4/10
Can a footloose heiress really be tamed?
2 May 2019
Warning: Spoilers
This is an enjoyable but flat screwball comedy that unfortunately doesn't resolve certain plot elements in it's our long-running time. Wealthy Hugh O'Connell is trying to keep his footloose heiress daughter Ann Sheridan from running off and eloping with her latest loser conquest and sicks alleged handsome hobo Craig Stevens on her to stop that from happening. Sheridan is another variation of Kate from "Taming of the Shrew", certainly not a man hater, but filled with a fiery temper that gets more furious when she cannot get her way. Sheridan goes along with her father's scheme just to teach him a lesson, inviting Stevens up to her room, but after an argument, she's throwing pretty much everything on her vanity at him in a rage. How does Stevens react to this? He simply picks her up and drops her violently onto her daybed, and she's so incensed by his not falling under her spell that she breaks out into a crying fit that she has never done in her entire life.

Papa O'Connell is impressed by Stephens and hires him to write advertising copy which Sheridan dismisses as horrible. His claim that he's actually the son of a Boston millionaire is falsely disproved when Sheridan makes a call, and this leads him to be fired. But Sheridan, quickly realizing her mistake, gets O'Connell to go on a chase to bring him back and pretty much leads them both into more comic mayhem that may just indeed tame her. we get to see what life for a well-dressed, handsome hobo is like, as he rides literally on the wheels of a train while O'Connell and Sheridan try to get him to meet them at the next station.

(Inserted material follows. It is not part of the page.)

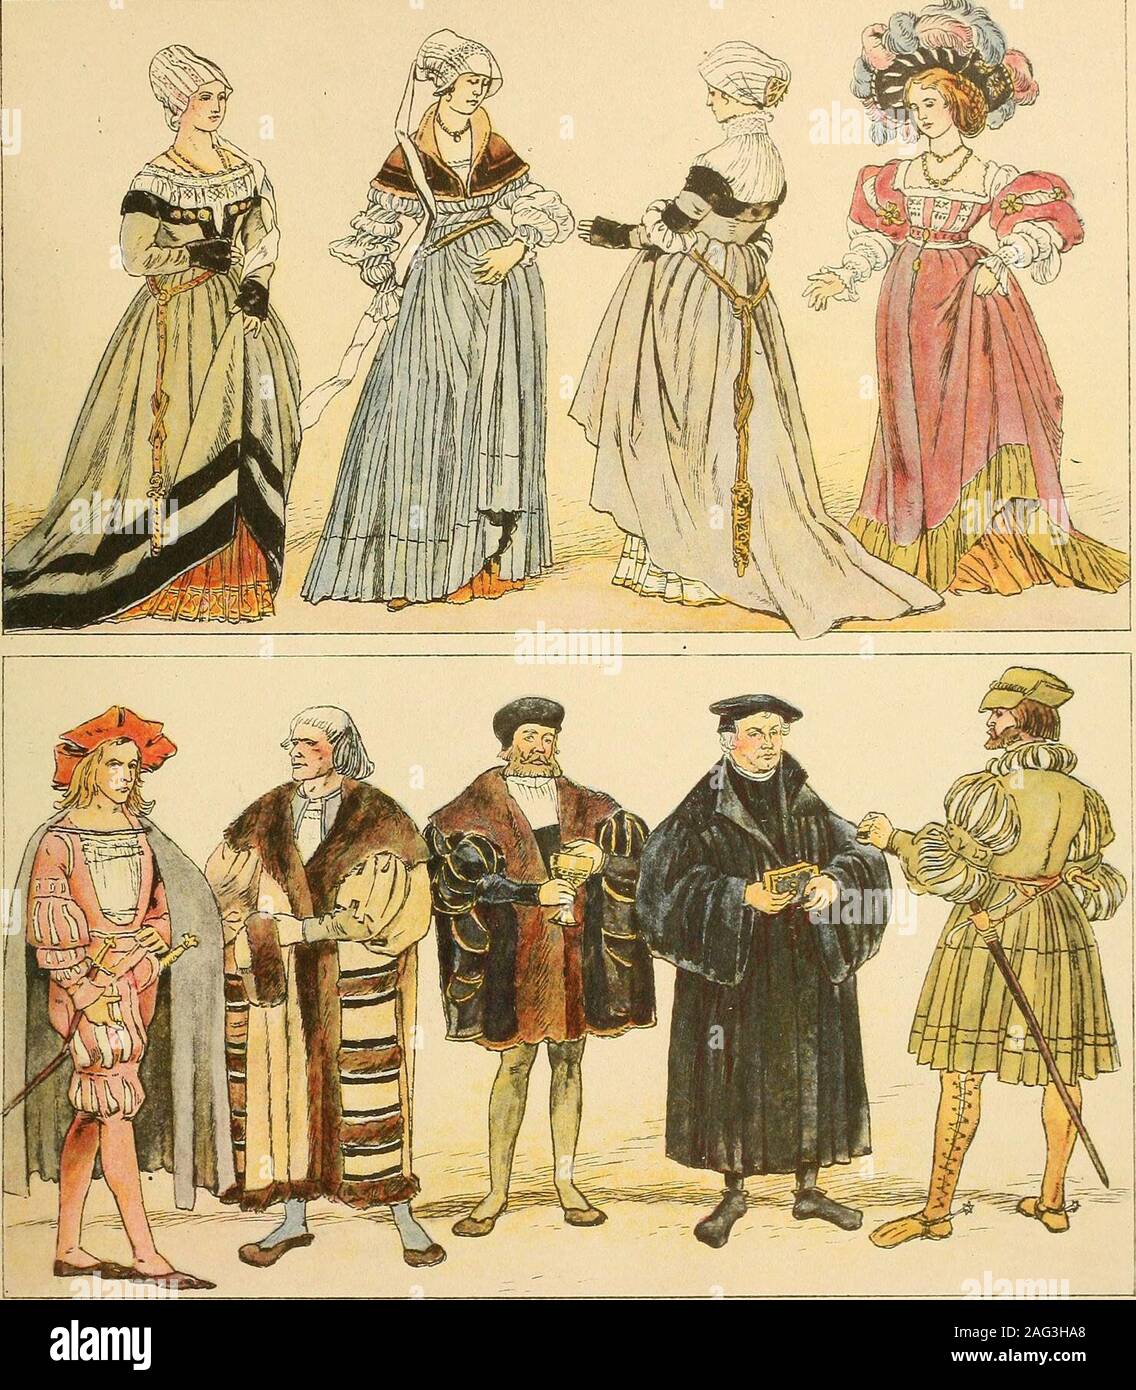 . Geschichte des Kostüms. n, den Holbein und Cranach in ihren Zeichnungen oder Bilderngelegentlich den Frauen aufsetzen, ist kostümgeschichtlich sehr verdächtig. Die Malerscheinen hier eher einer ästhetischen Phantasie nachgegeben zu haben, die der stattlichreichen Tracht ein entsprechendes Gegengewicht auf dem Kopfe gab. In der Wirk-lichkeit überließ die Dame den großen federgeschmückten Hut, den man als eine starkeExtravaganz des Baretts empfand, noch dem Landsknechtsliebchen, das die Prunkstückeseines Ernährers mhbenutzte. Schmuck wurde von beiden Geschlechtern sehrreichlich getragen, z. B. Stock Photo
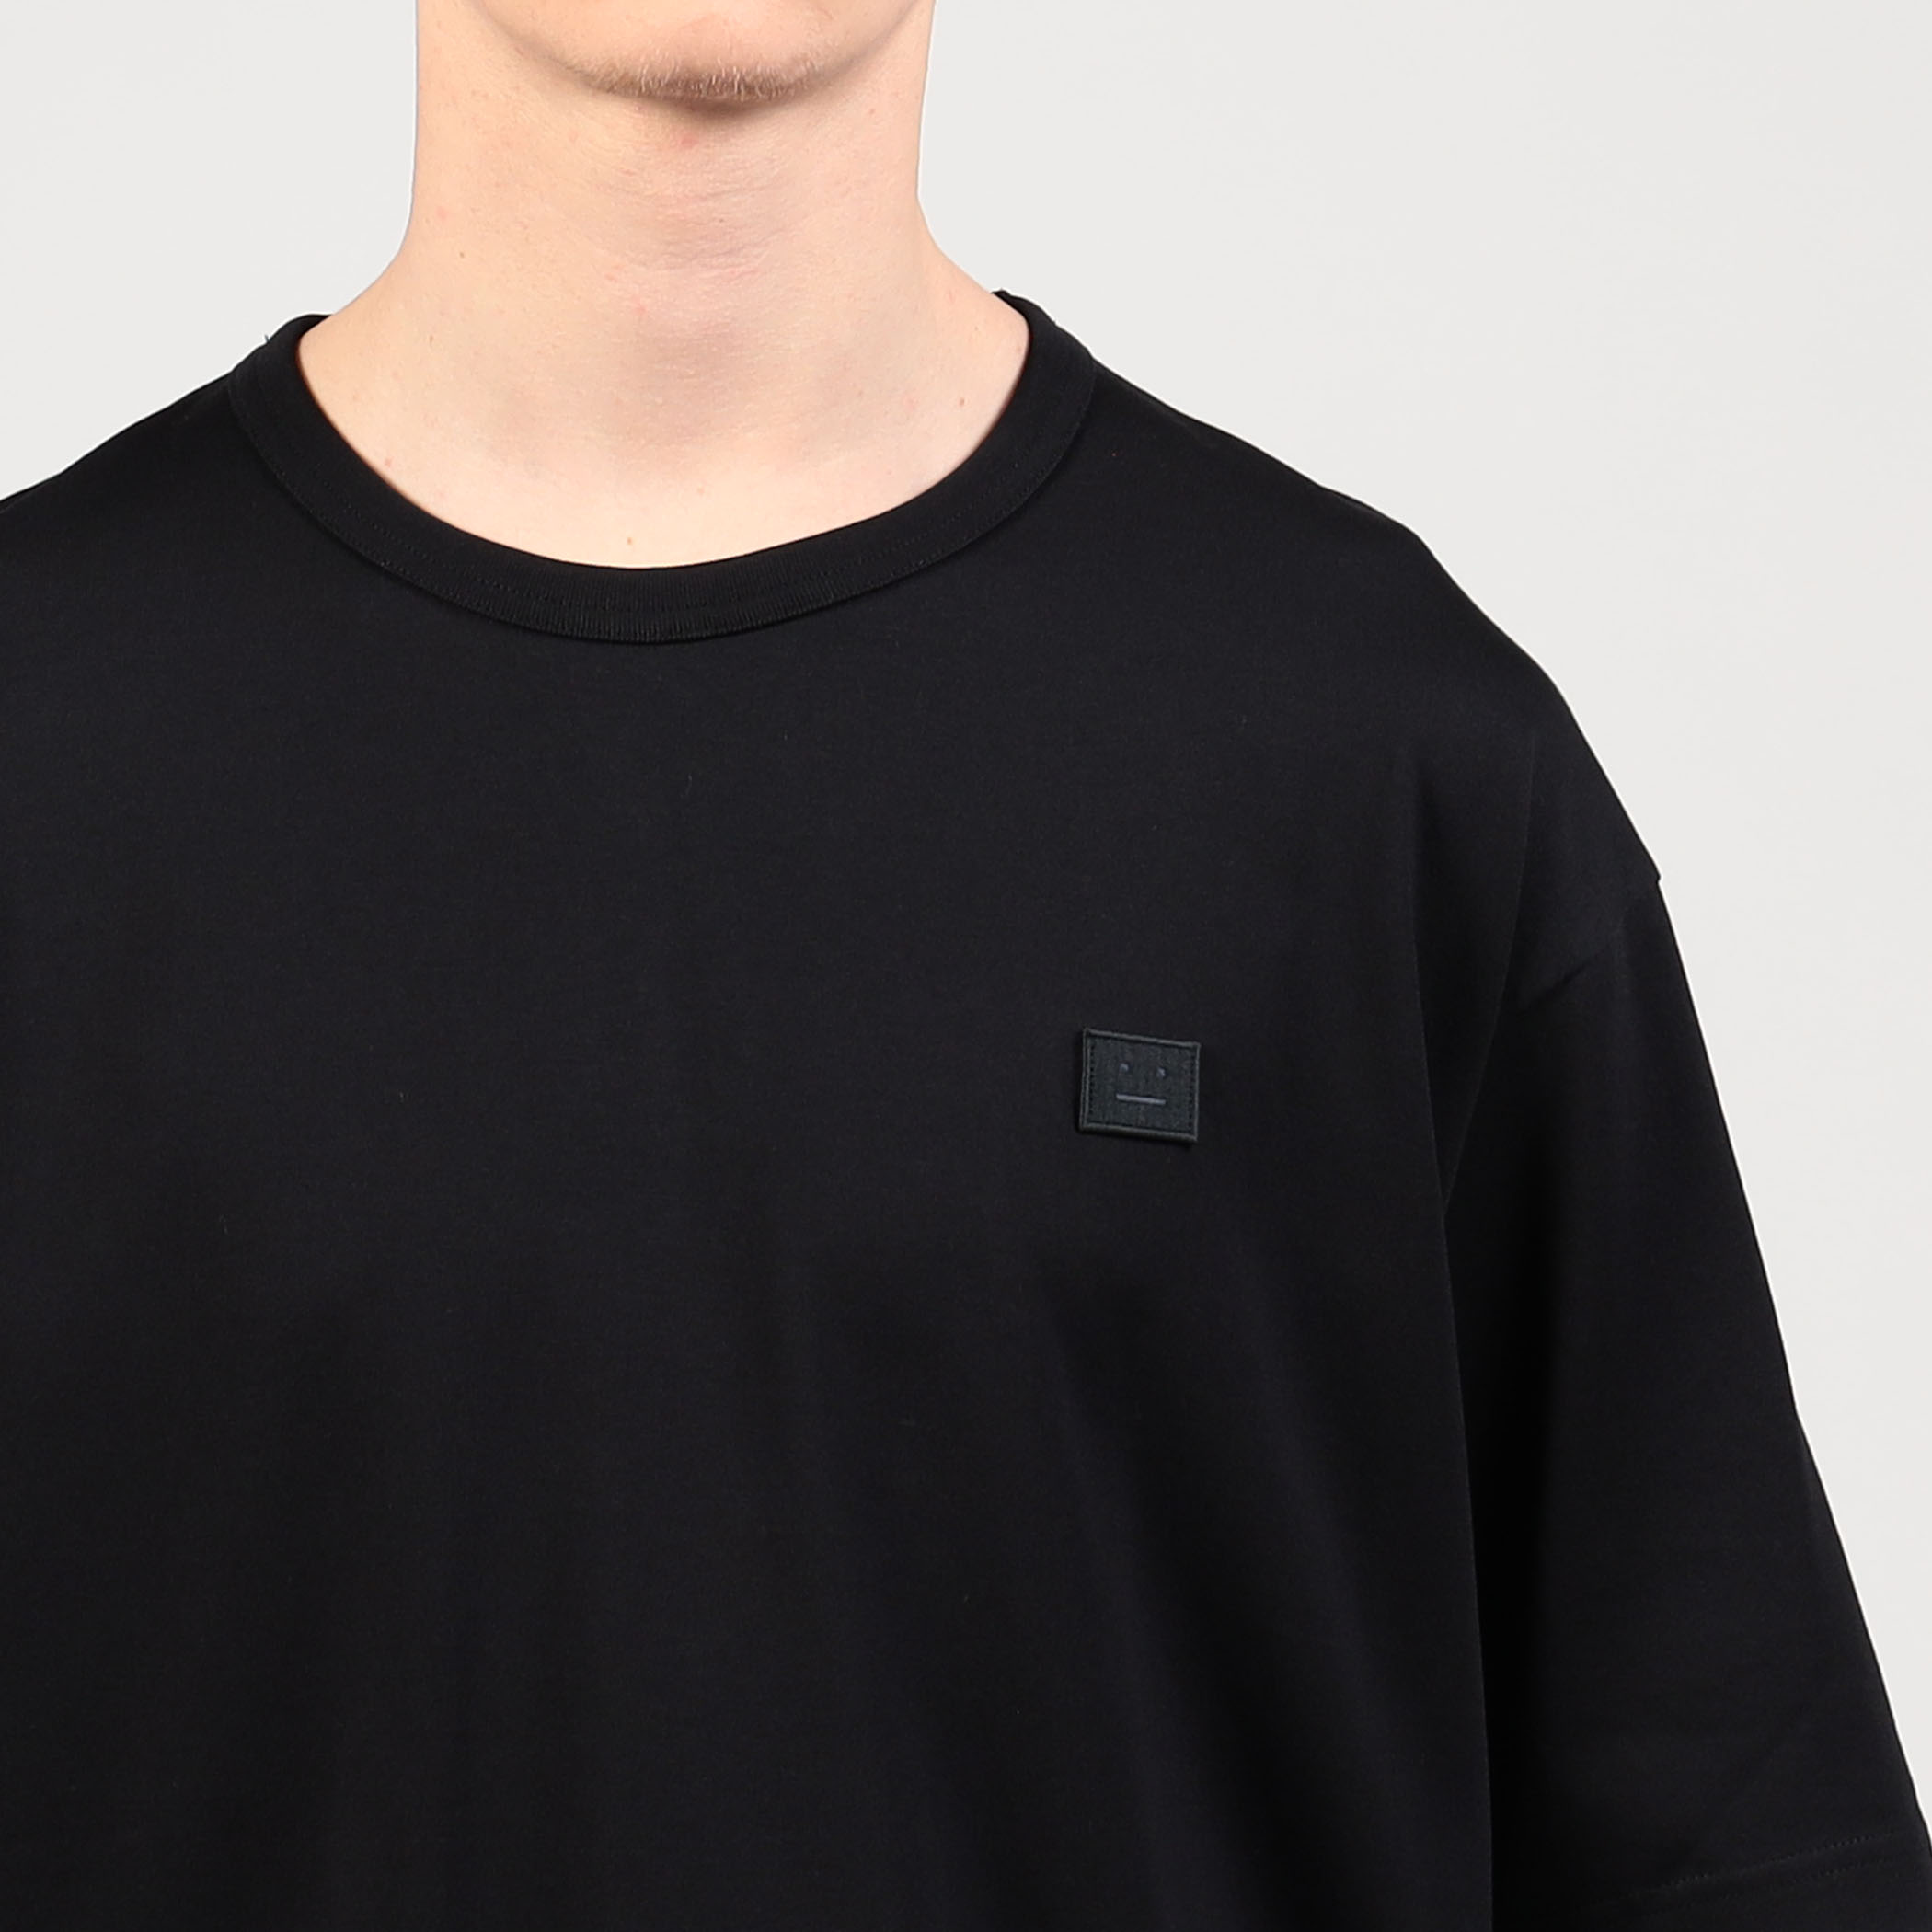 Acne Studios Tシャツ face 黒

Of course, this is inconsequential and frivolous, but there are certainly many moments where you will be laughing at everything going on. Stevens and Sheridan are young, attractive and filled with personality (although Sheridan does manage to make her spoiled heiress reined in when she begins to get out of control), but for some reason I could not buy Hugh O'Connell as a wealthy entrepreneur. He seems like he would be more a bank clerk than the head of a big corporation. It is obvious that this film was rushed out on one of the Warner Brothers big mansion sets, probably taking a week or two to film then edit and get a quick release rather than the months of their big budget films. I can't praise it, but I can't condemn it either.